Let’s start by loading and visualizing time series data with anomalies:

import pandas as pd
import numpy as np
import matplotlib.pyplot as plt

# Generate synthetic time series with anomalies
np.random.seed(42)
dates = pd.date_range('2024-01-01', periods=500, freq='H')
normal_data = np.sin(np.arange(500) * 0.1) + np.random.normal(0, 0.1, 500)

# Inject anomalies
data = normal_data.copy()
data[100] = 5  # Point anomaly
data[250:260] = -3  # Collective anomaly
data[400] = 4.5  # Another point anomaly

df = pd.DataFrame({'timestamp': dates, 'value': data})
df.set_index('timestamp', inplace=True)

plt.figure(figsize=(14, 6))
plt.plot(df.index, df['value'], label='Time Series', alpha=0.7)
plt.scatter([df.index[100], df.index[400]], [data[100], data[400]], 
            color='red', s=100, label='Point Anomalies', zorder=5)
plt.scatter(df.index[250:260], data[250:260], 
            color='orange', s=50, label='Collective Anomaly', zorder=5)
plt.legend()
plt.title('Time Series with Anomalies')
plt.show()

Statistical Methods for Anomaly Detection

The Z-score method flags points that deviate significantly from the mean. Calculate the Z-score as (x - μ) / σ where μ is the mean and σ is the standard deviation. Values beyond ±3 standard deviations are typically considered anomalies.

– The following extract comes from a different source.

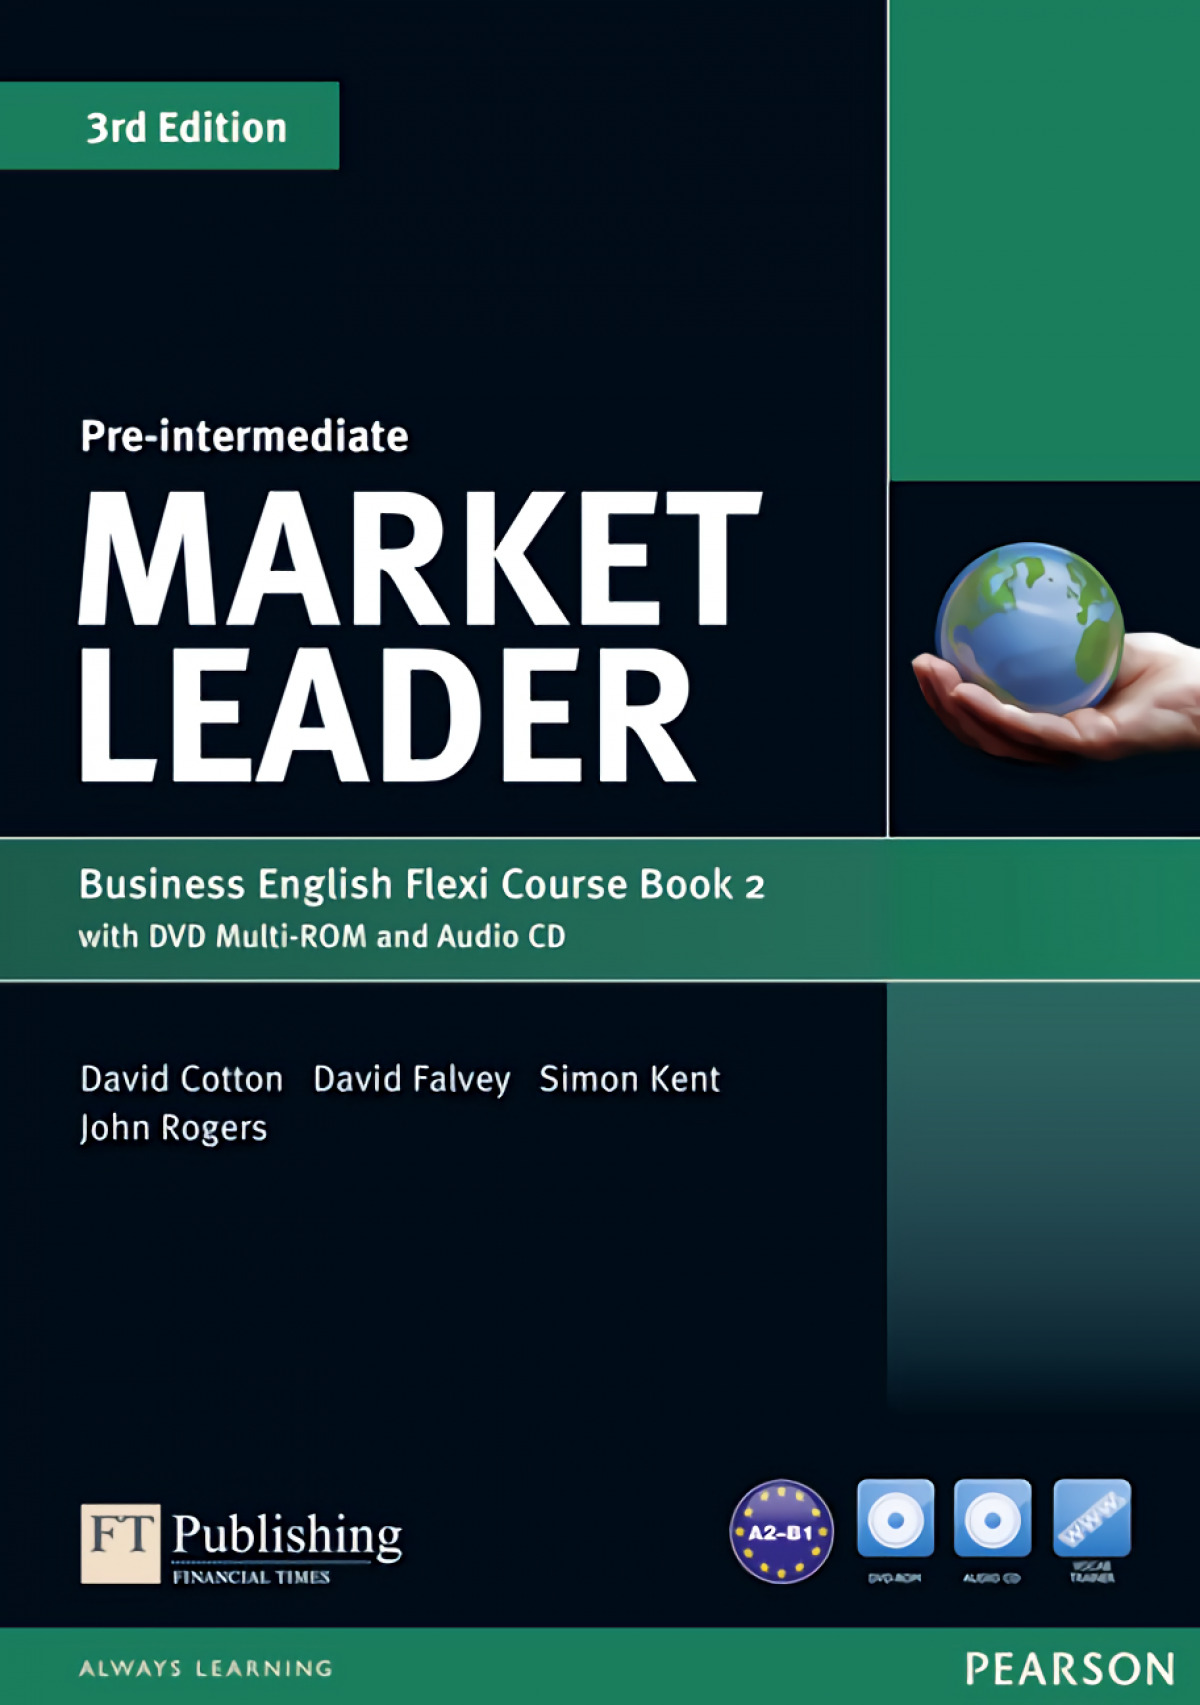 market leader pre-intermediate flexi 2 coursebook pack

This works well for stationary data with Gaussian distributions but fails with trends, seasonality, or non-normal distributions. The modified Z-score uses median absolute deviation (MAD) instead of standard deviation, making it more robust to outliers.

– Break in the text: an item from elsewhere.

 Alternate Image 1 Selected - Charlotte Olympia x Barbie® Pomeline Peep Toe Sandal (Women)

def detect_anomalies_zscore(df, column='value', threshold=3):
    """Detect anomalies using Z-score method."""
    mean = df[column].mean()
    std = df[column].std()
    df['z_score'] = (df[column] - mean) / std
    df['anomaly_zscore'] = np.abs(df['z_score']) > threshold
    return df

# Apply Z-score detection
df_zscore = detect_anomalies_zscore(df.copy())

# Visualize
plt.figure(figsize=(14, 6))
plt.plot(df_zscore.index, df_zscore['value'], label='Time Series', alpha=0.7)
plt.scatter(df_zscore[df_zscore['anomaly_zscore']].index, 
            df_zscore[df_zscore['anomaly_zscore']]['value'],
            color='red', s=100, label='Detected Anomalies', zorder=5)
plt.axhline(y=df_zscore['value'].mean() + 3*df_zscore['value'].std(), 
            color='green', linestyle='--', label='±3σ threshold')
plt.axhline(y=df_zscore['value'].mean() - 3*df_zscore['value'].std(), 
            color='green', linestyle='--')
plt.legend()
plt.title('Z-Score Anomaly Detection')
plt.show()

print(f"Detected {df_zscore['anomaly_zscore'].sum()} anomalies")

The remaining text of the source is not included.